= ACTIVITY =
Below are entries; repeat exactly, and nothing else, the lines from the one holding "DIVERO Stuhl Teak" through the one holding "Na binnenkomst e", inclusive. Leave the pictures out.

= MATERIAL FOR THIS EXERCISE =
········
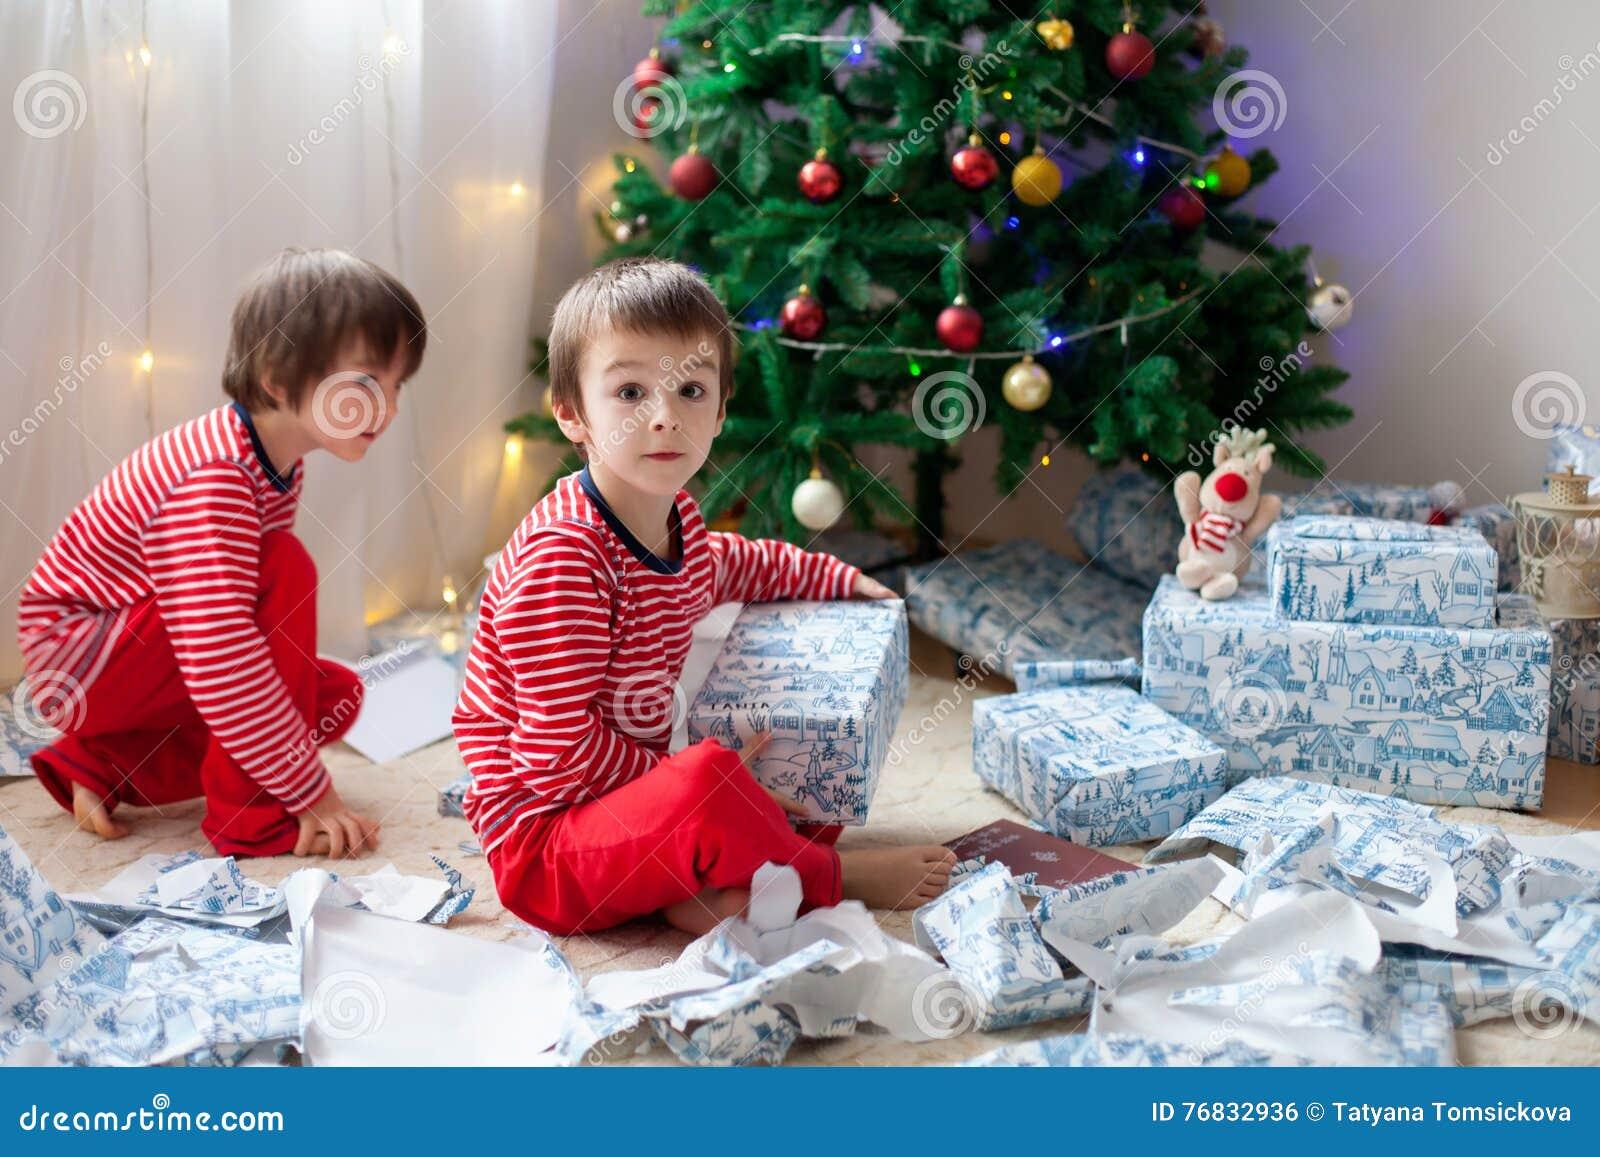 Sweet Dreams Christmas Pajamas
········
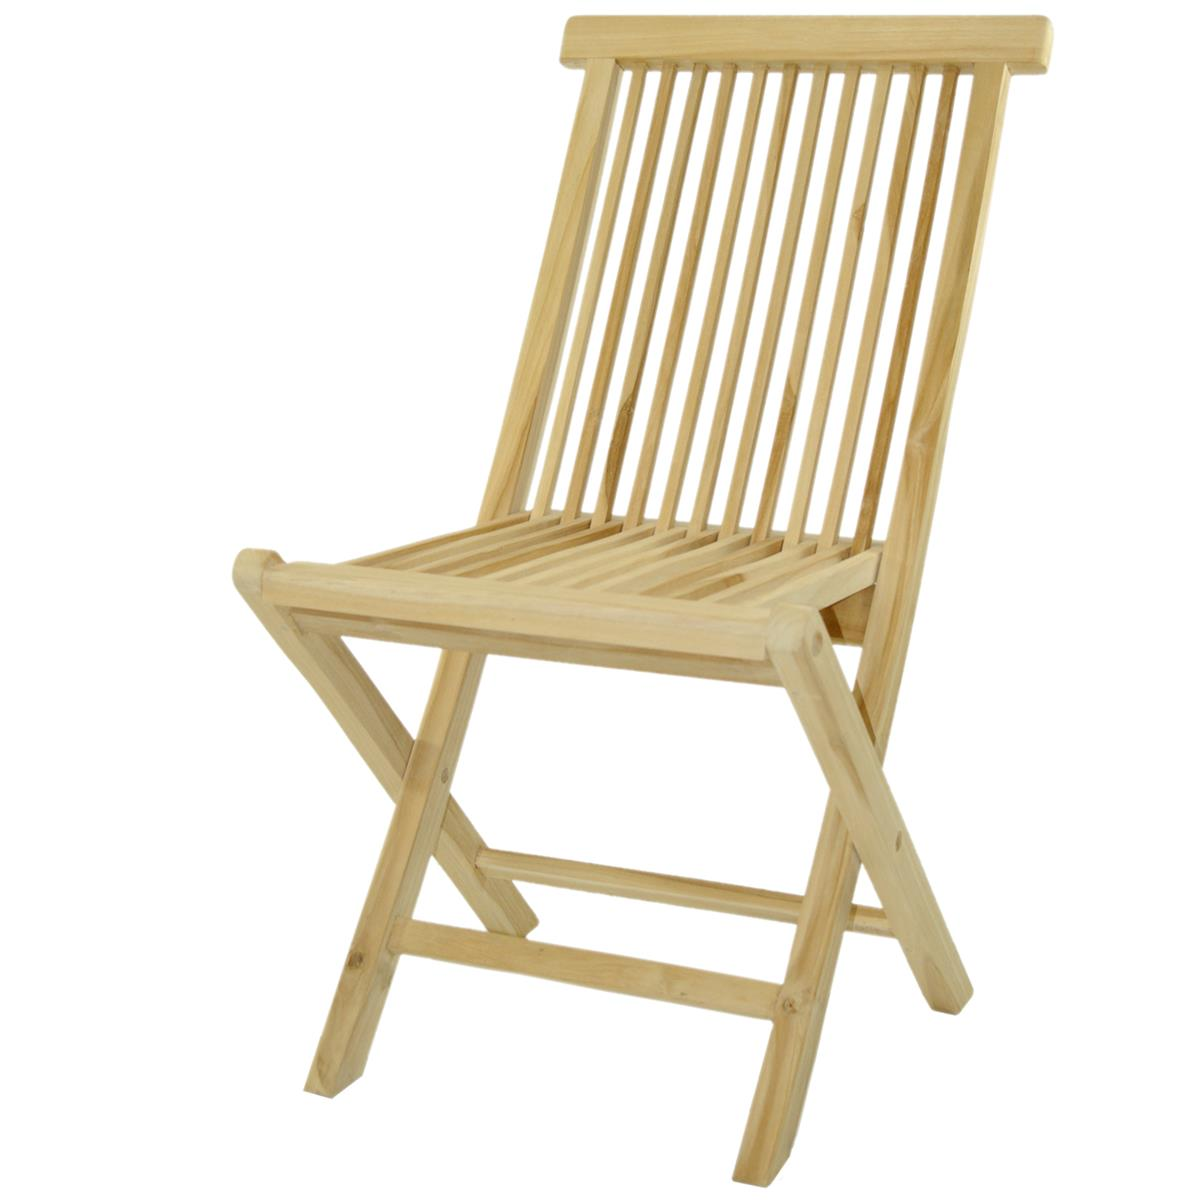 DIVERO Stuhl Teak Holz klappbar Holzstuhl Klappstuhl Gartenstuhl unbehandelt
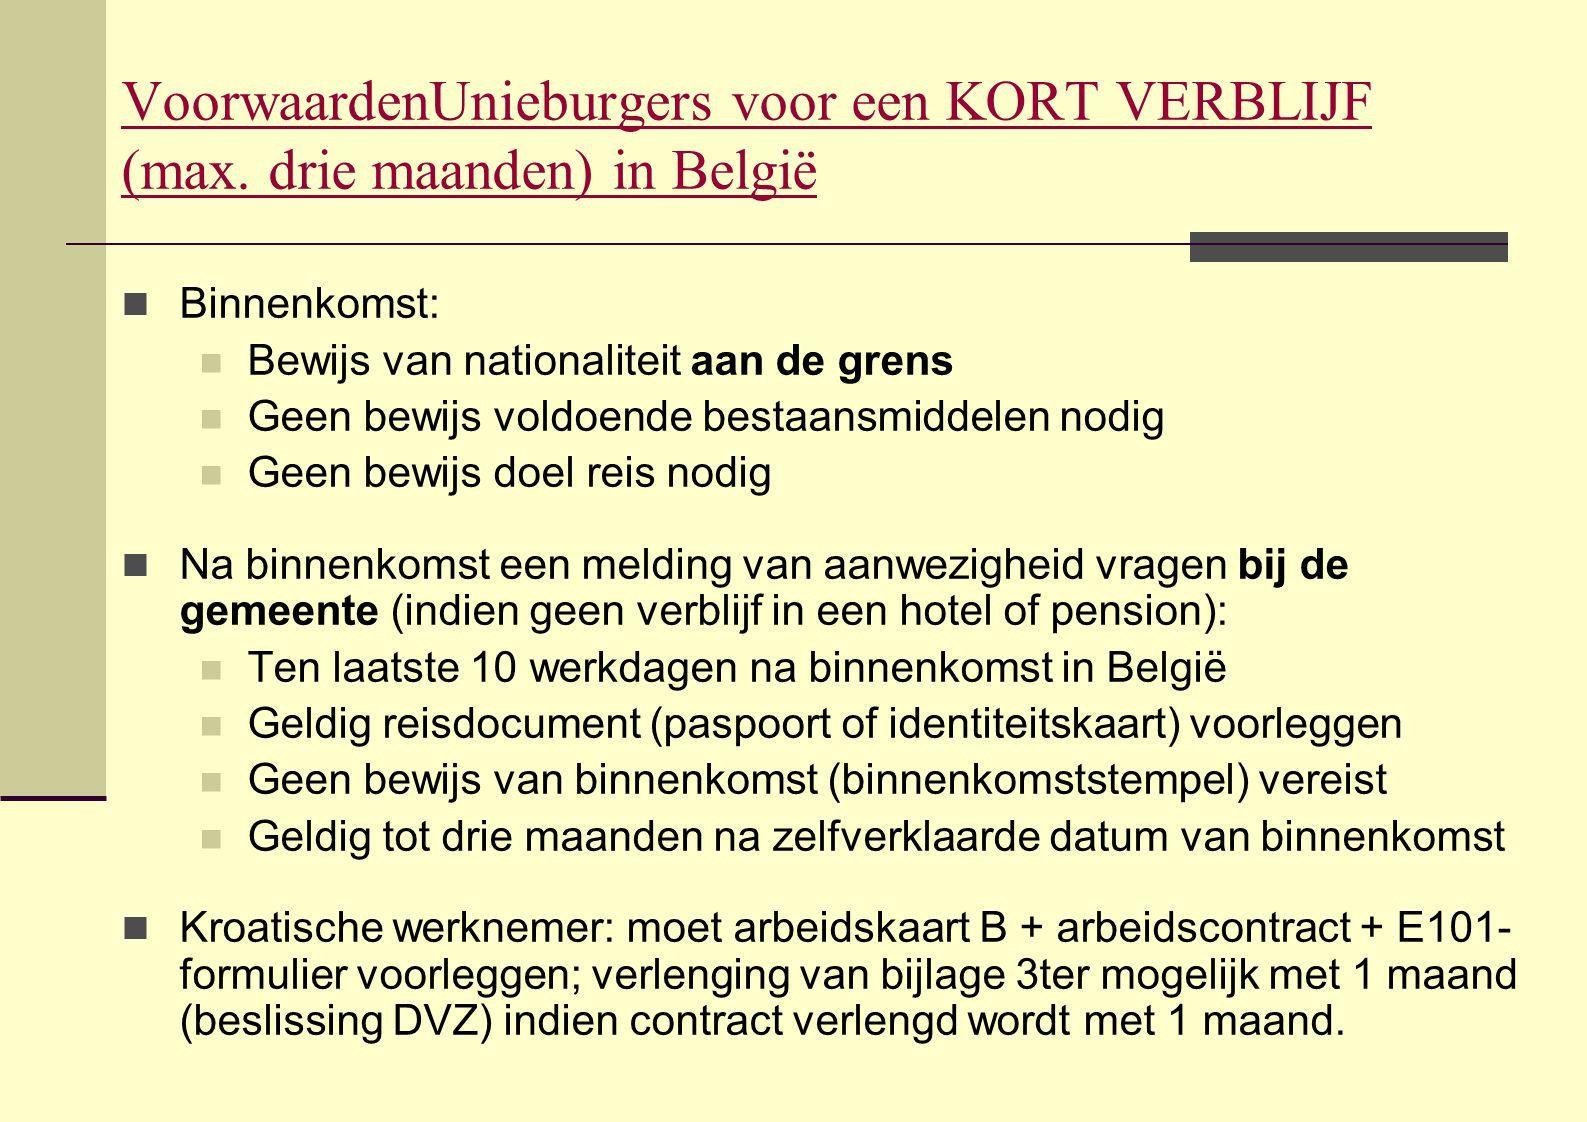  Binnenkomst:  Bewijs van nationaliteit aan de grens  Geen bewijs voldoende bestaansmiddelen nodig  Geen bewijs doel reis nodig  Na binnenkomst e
········
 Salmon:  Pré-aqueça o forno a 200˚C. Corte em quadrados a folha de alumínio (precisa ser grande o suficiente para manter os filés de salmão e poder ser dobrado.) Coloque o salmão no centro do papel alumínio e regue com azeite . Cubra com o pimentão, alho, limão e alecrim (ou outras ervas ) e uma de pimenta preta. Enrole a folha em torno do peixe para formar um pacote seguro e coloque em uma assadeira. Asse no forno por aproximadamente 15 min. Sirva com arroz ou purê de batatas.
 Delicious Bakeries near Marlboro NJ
········
= SOLUTION TO THE PROBLEM =
 DIVERO Stuhl Teak Holz klappbar Holzstuhl Klappstuhl Gartenstuhl unbehandelt
  Binnenkomst:  Bewijs van nationaliteit aan de grens  Geen bewijs voldoende bestaansmiddelen nodig  Geen bewijs doel reis nodig  Na binnenkomst e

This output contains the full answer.